Carts that would normally make horrendous noise on tile floors are silent as they are wheeled around heavily carpeted corners and in and out of rooms here. Wheels still make tiny squeaky sounds and it comforts me. It reminds me of the outside.

I find my father’s room. He looks smaller here. He has his blue-flowered nightgown on and is sitting up in a chair. A thin waffle woven blanket is thrown across his lap and I see he is wearing compression socks and tiny slip-proof booties in the brightest white I have ever seen. 

“They’re for my circulation,” he says of his socks. His voice seems diminished. The whisper effect has caught on here.

Luckily, he is alone, no roommate to try to be civil to under the worst circumstances. But just as bad, the spare bed seems to be the surplus storage for every frightening device the hospital has to offer. Shiny silver traction devices, spare trapezes, and what looks like miles of tubing litter the bed with the pink blanket next to him. I walked in on my own two feet and they even scare me.

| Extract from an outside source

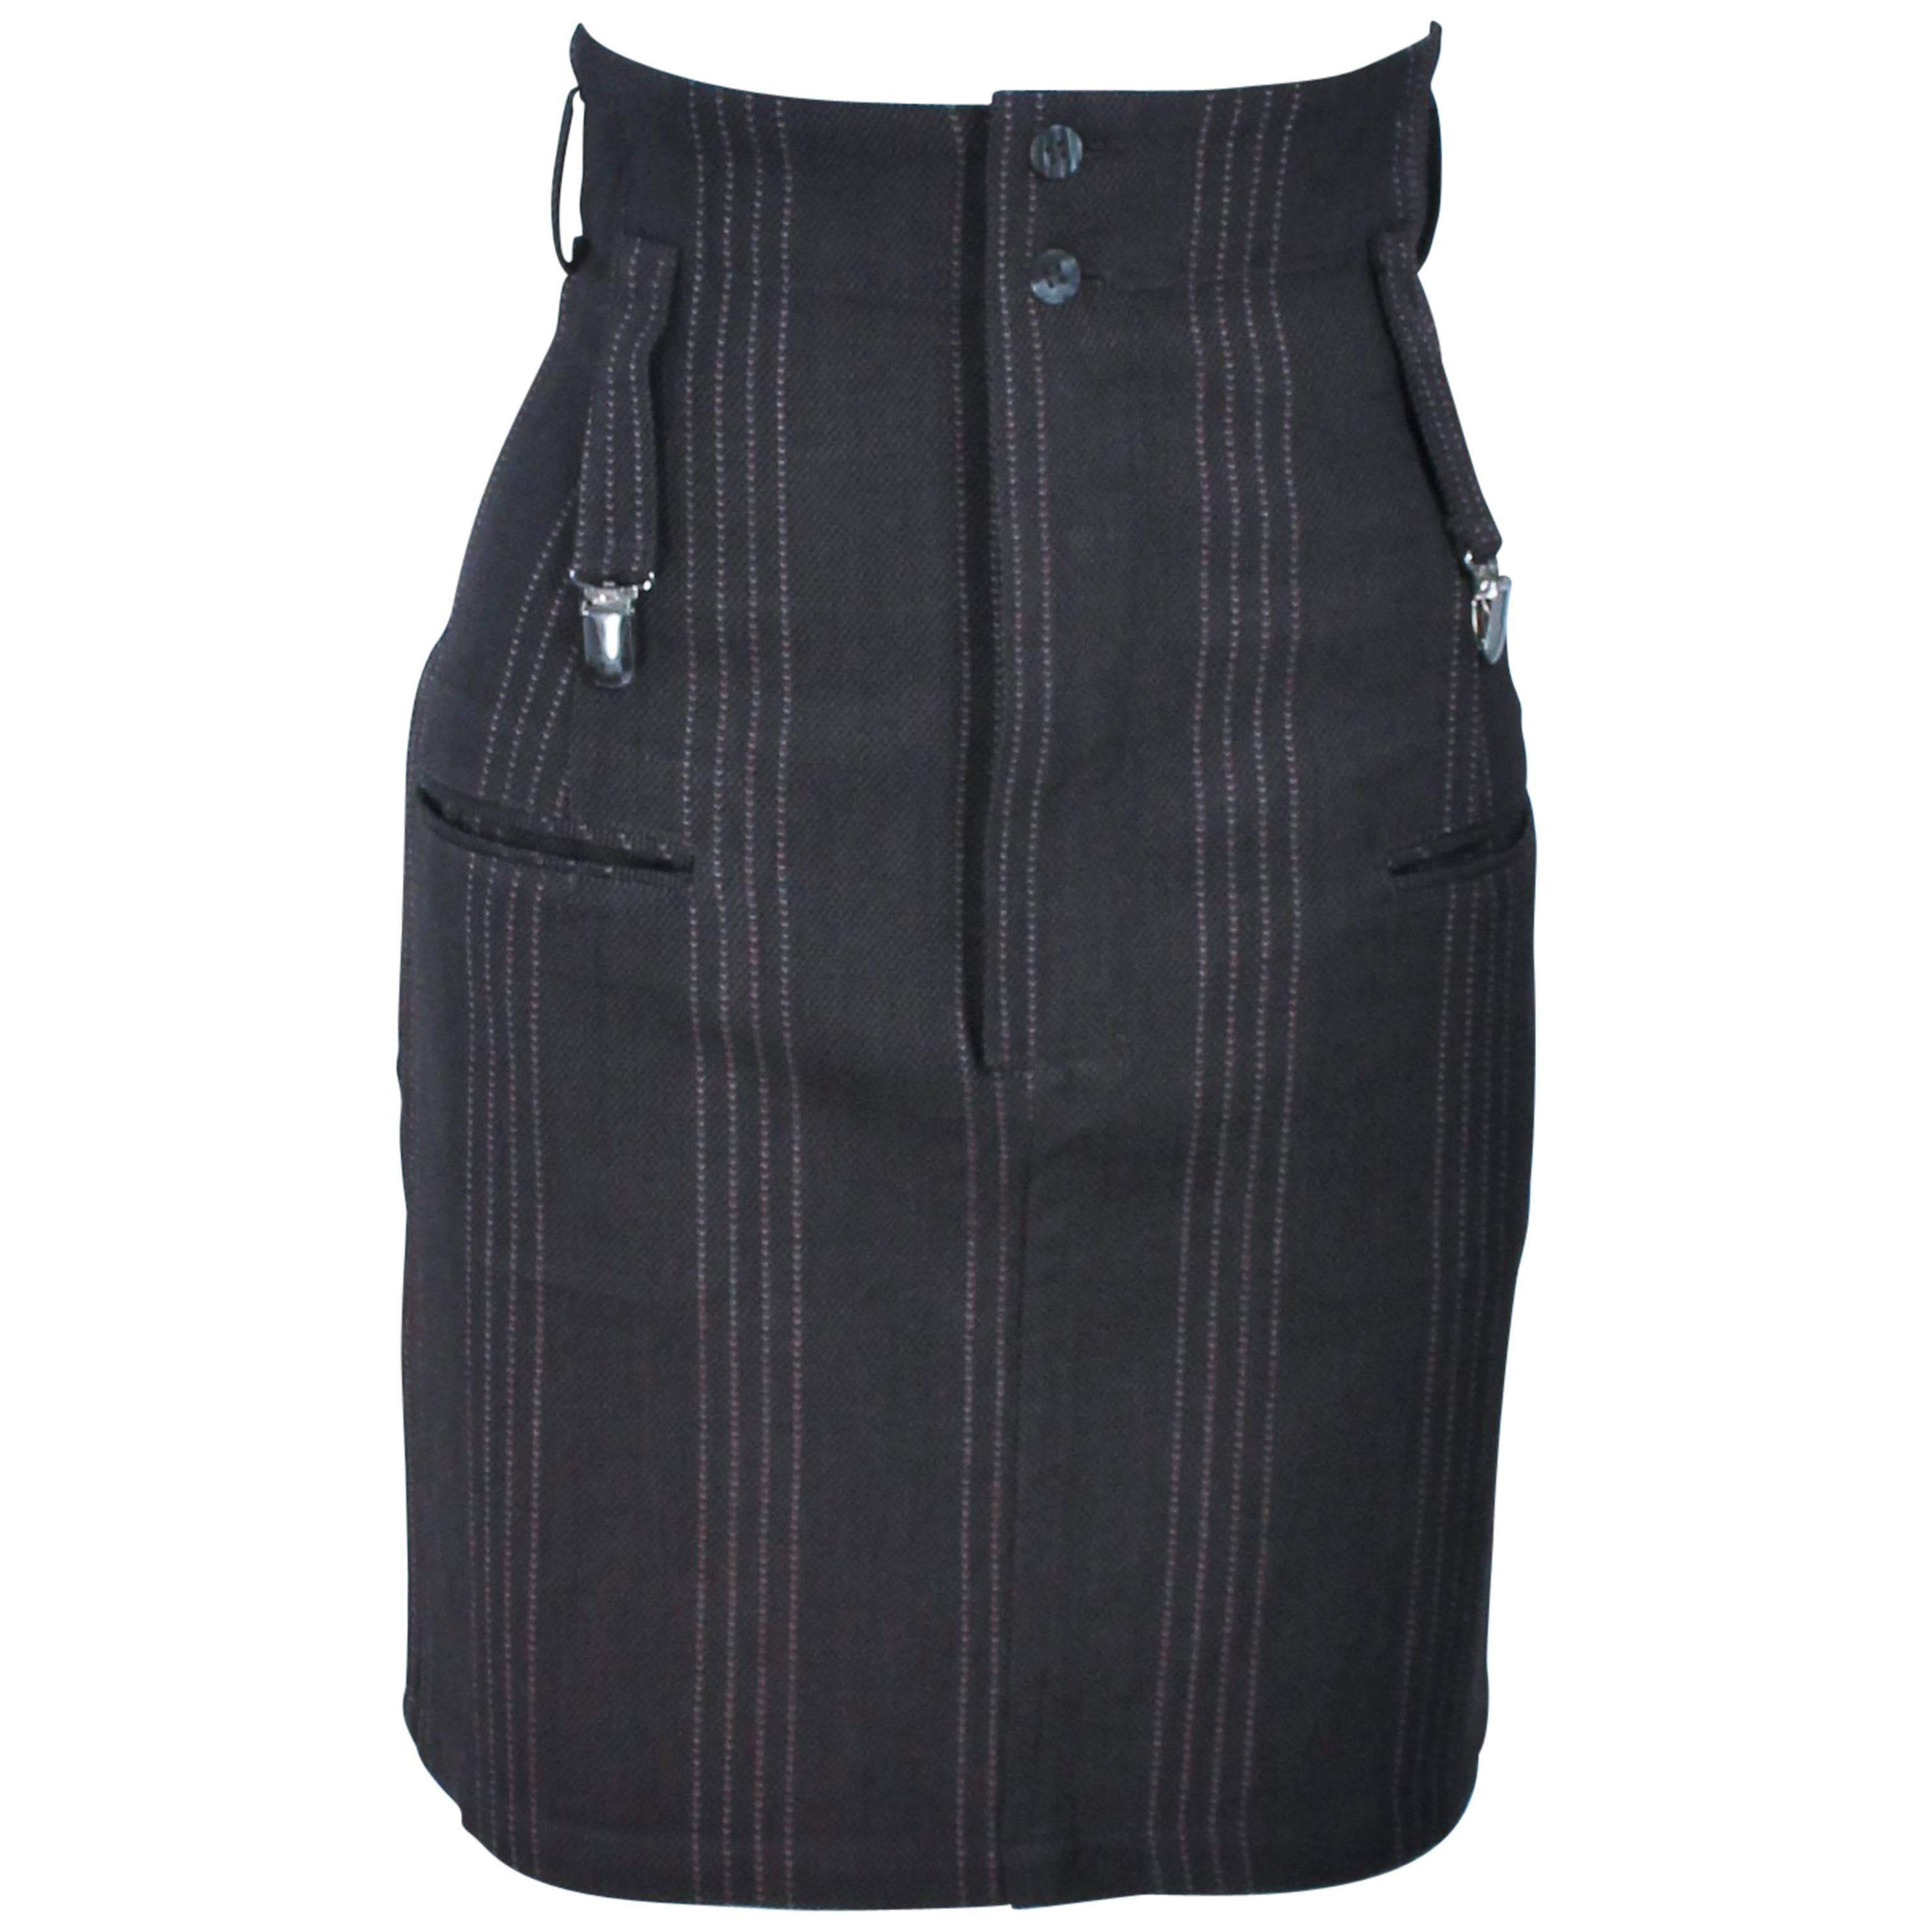 YOHJI YAMAMOTO High Waist Pinstripe Wool Skirt with Suspender Detail Size 2

A man brings my father dinner of roast chicken, salad with a vinegar dressing, and pudding for dessert. He has two miniature cups of apple juice and he works to pull back the foil lids and pour them into his cup. As he opens them, the vacuum seal breaks and they each make a little whoosh as they are freed. The man who brought my father’s dinner is also the man who has been helping him walk that day. His name is Lucky - I take it as a good sign.

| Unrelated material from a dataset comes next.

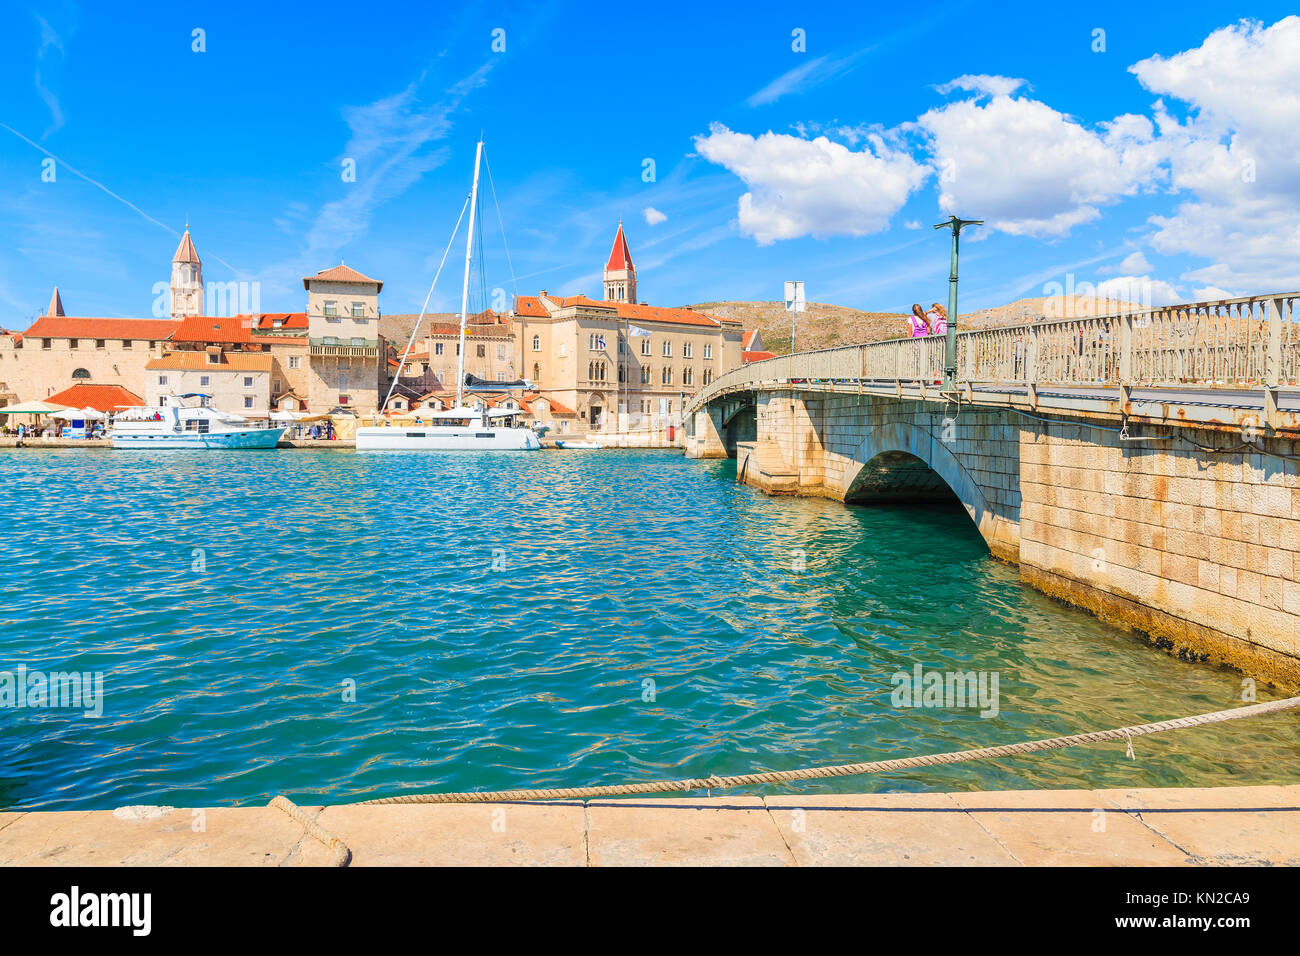 View of historic buildings in Trogir town and bridge over canal, Dalmatia, Croatia Stock Photo

I sat with my father for a few hours that night. He was still spaced out on morphine and the yellow-colored drip that ran into his arm relieved me, even though it took my father away for a while it would eventually bring him back. I sat in a huge wood framed chair with tough pink cushions and looked out on the parking lot. I could feel the clear cold winter night even in the hot, almost tropical feel of the hospital. It reminded me of the line of a song, “the smell of hospitals in winter...” which made even more sense to me now. Hospitals do smell different in winter, they are hotter, their smell of healing permeates everything, the sense of isolation even more pronounced. While the whole world is bundled to the hilt this population exists in short sleeve shirts light cotton pants and tennis shoes. Words have a stronger weight, too. 

My father was hearing about the traffic on the expressway as if it were the subway system in London. The woman down the hall was detailing her Christmas excursion to her recovering husband as if she were on safari. The women at the nurse’s station were discussing their holiday party in loud voices, only to be silenced by the buzz of a patient. Here is where battles for life and death are fought every day; people sit in these uncomfortable chairs day after day telling their loved ones about the plumber or cable guy to keep them in the loop of their lives. We tell them small details of the outside world to remind them of it, to remind them they are needed.

As my father drifted in and out of a sleep while watching Channel 11, I told him about the insignificant details of my day – where I parked in the lot, how my tires were doing, how long it took me to get there. I left it to his team of nurses to ask questions of pain and recovery.

After his dishes were cleared away he rested and began to fall into a deep sleep. “I’m going to go now, dad,” I said in a hushed tone. “I love you,” I told him.

“I love you, too,” he said in a hushed voice, but I still heard his strength and love. I knew that he would come back.